╭──

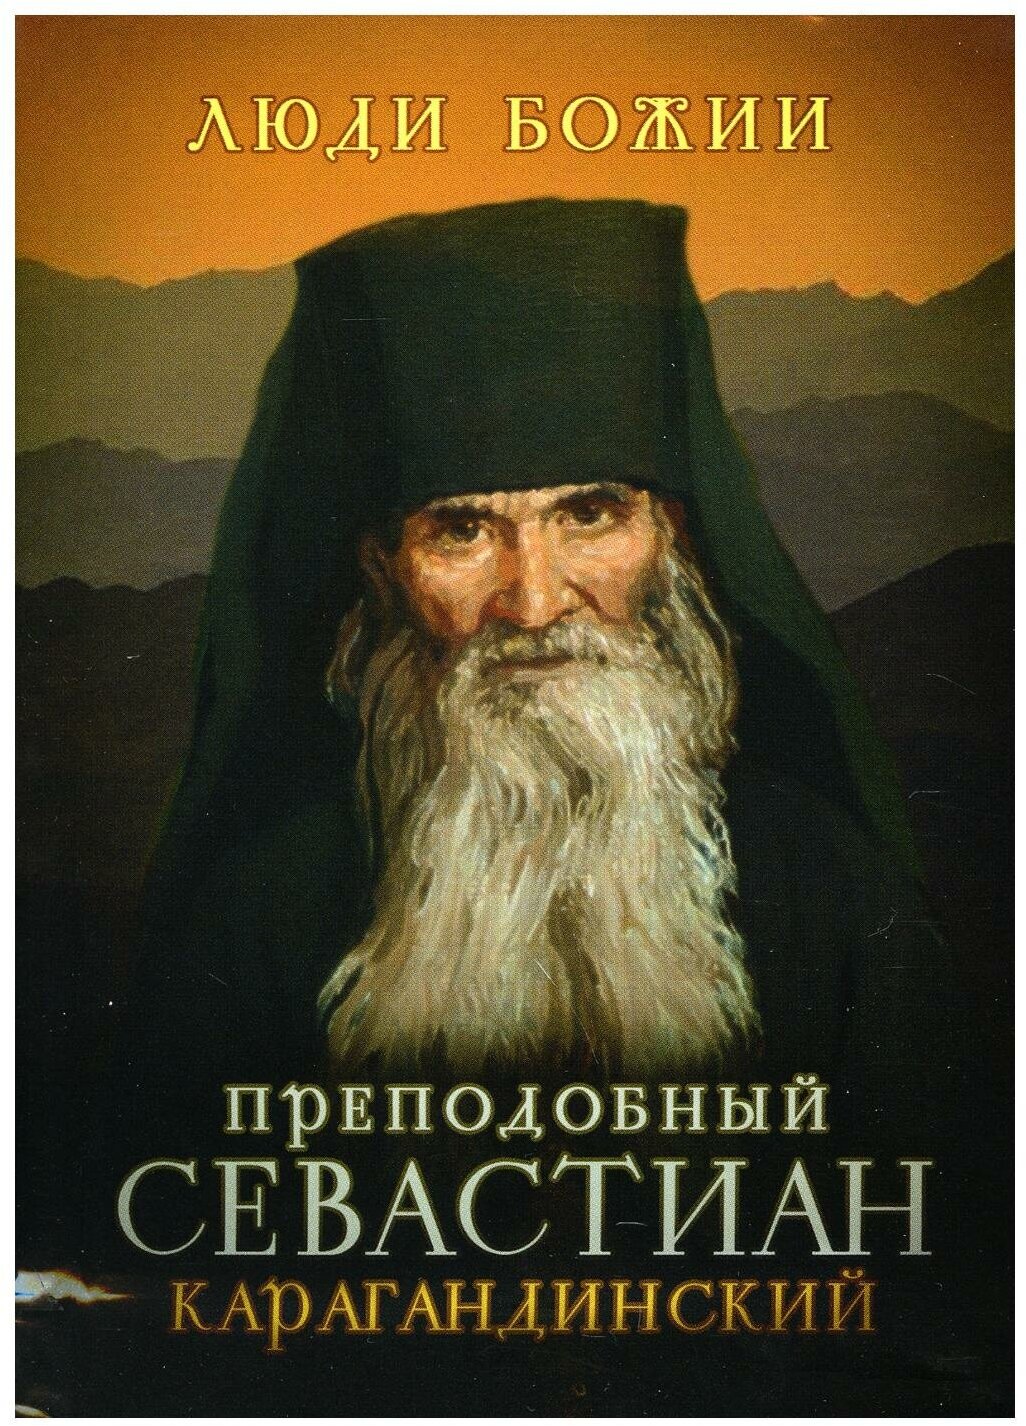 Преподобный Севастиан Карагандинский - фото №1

╰──
╭──

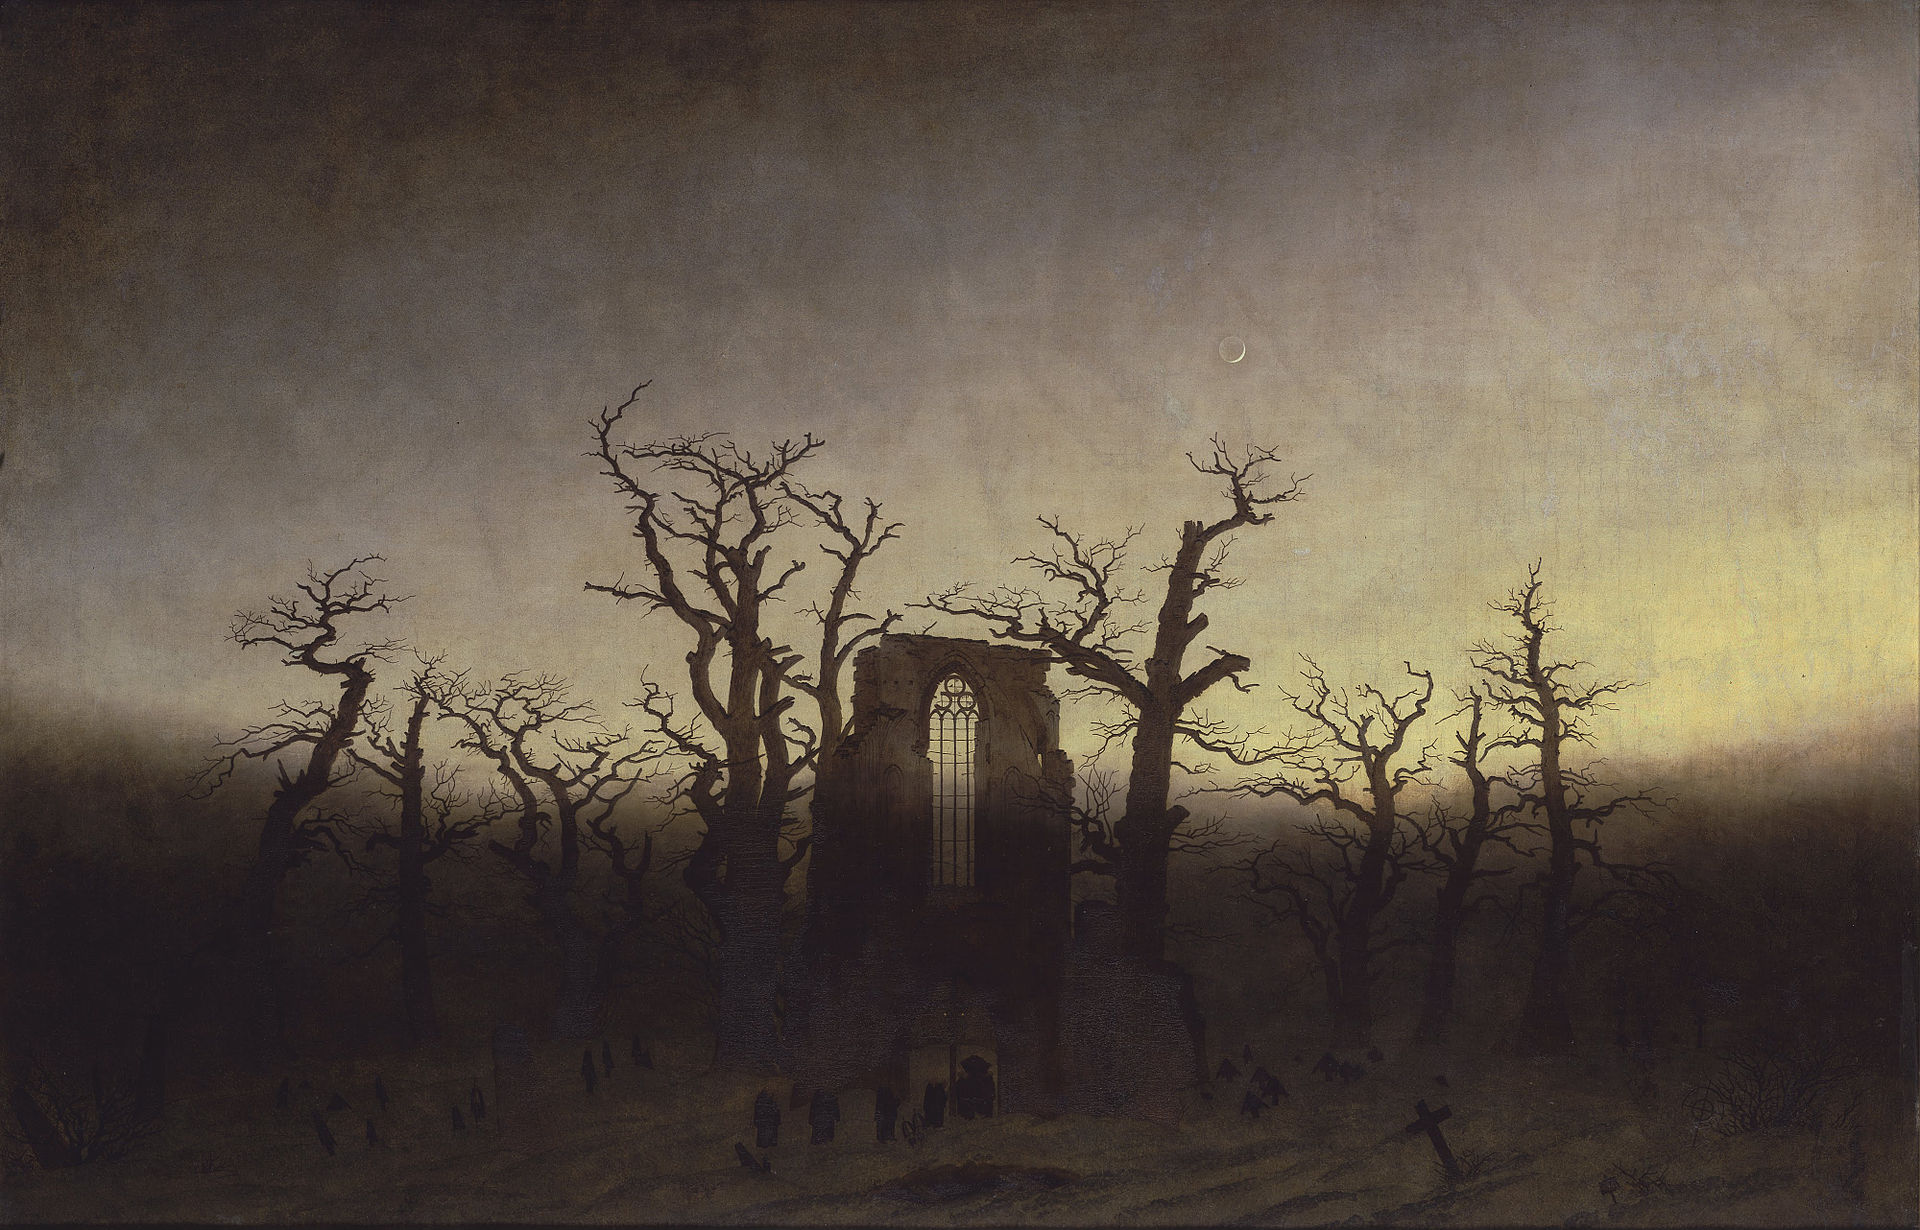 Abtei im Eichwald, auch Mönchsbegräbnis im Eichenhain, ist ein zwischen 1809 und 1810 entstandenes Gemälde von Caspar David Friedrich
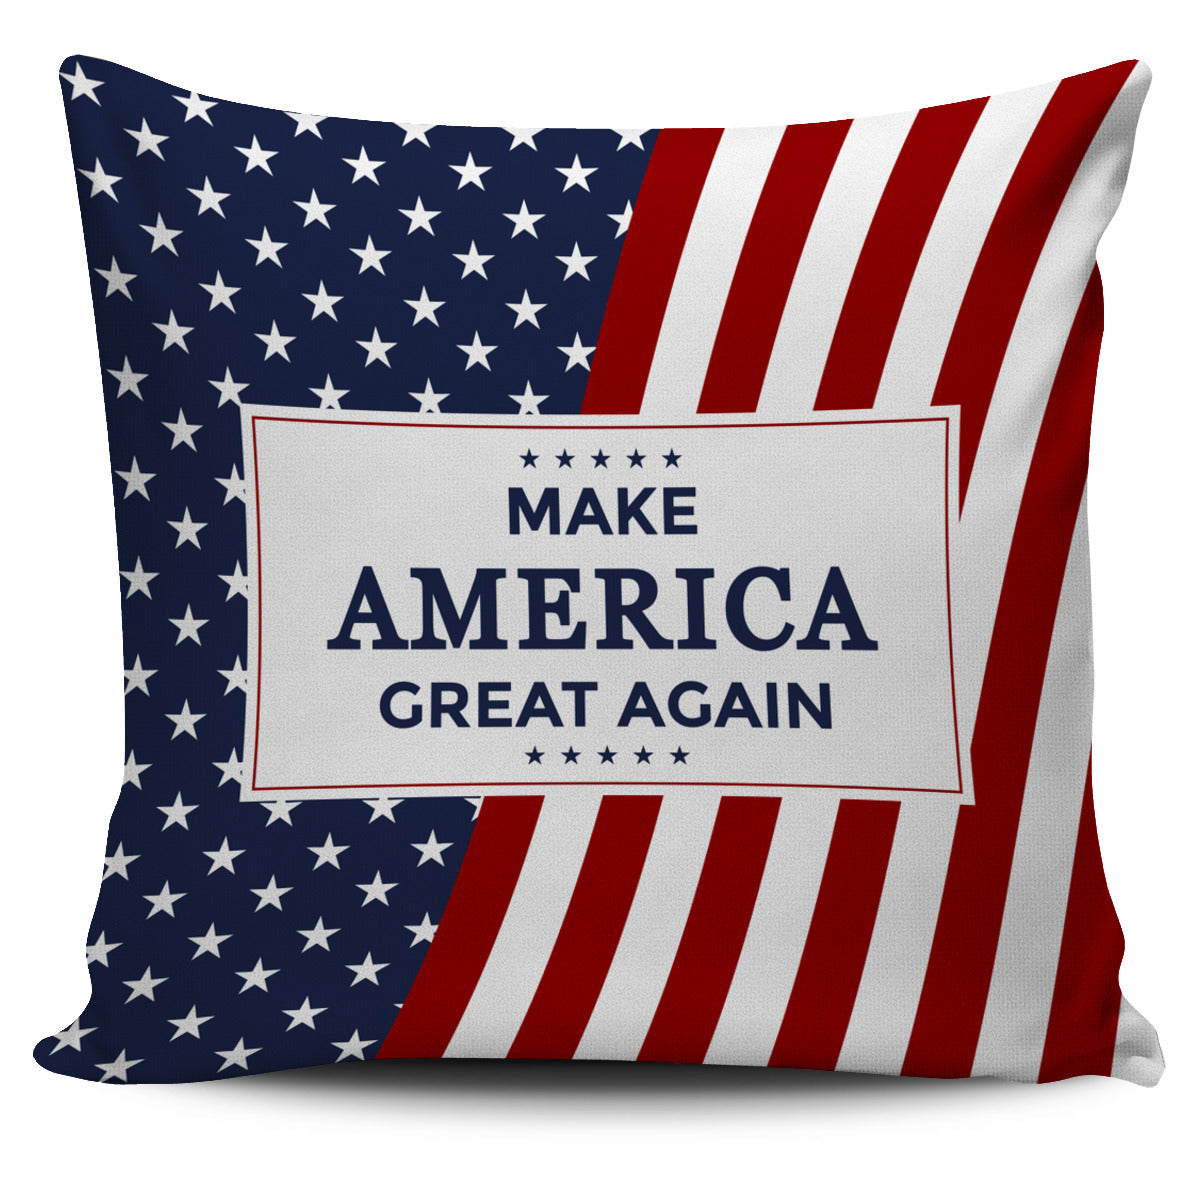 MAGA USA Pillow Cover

╰──
╭──

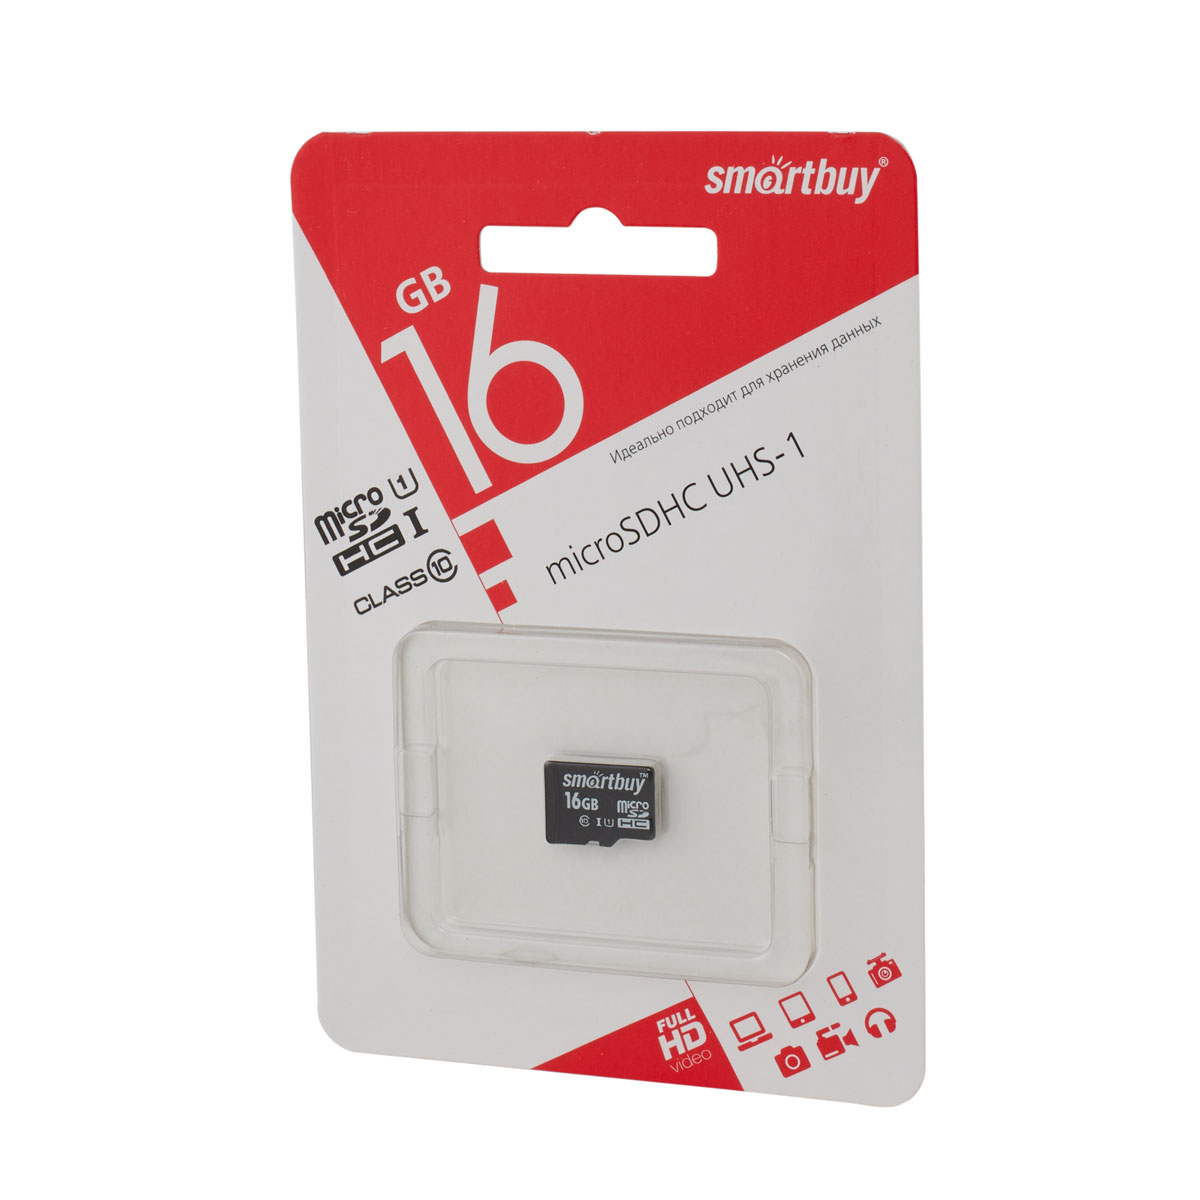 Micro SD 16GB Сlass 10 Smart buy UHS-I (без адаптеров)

╰──

No picture is to be printed. Output exactly the lines above from the line containing "Abtei im Eichwald, auch" through the line containing "MAGA USA Pillow Cover".

Solution for this problem:
 Abtei im Eichwald, auch Mönchsbegräbnis im Eichenhain, ist ein zwischen 1809 und 1810 entstandenes Gemälde von Caspar David Friedrich
 MAGA USA Pillow Cover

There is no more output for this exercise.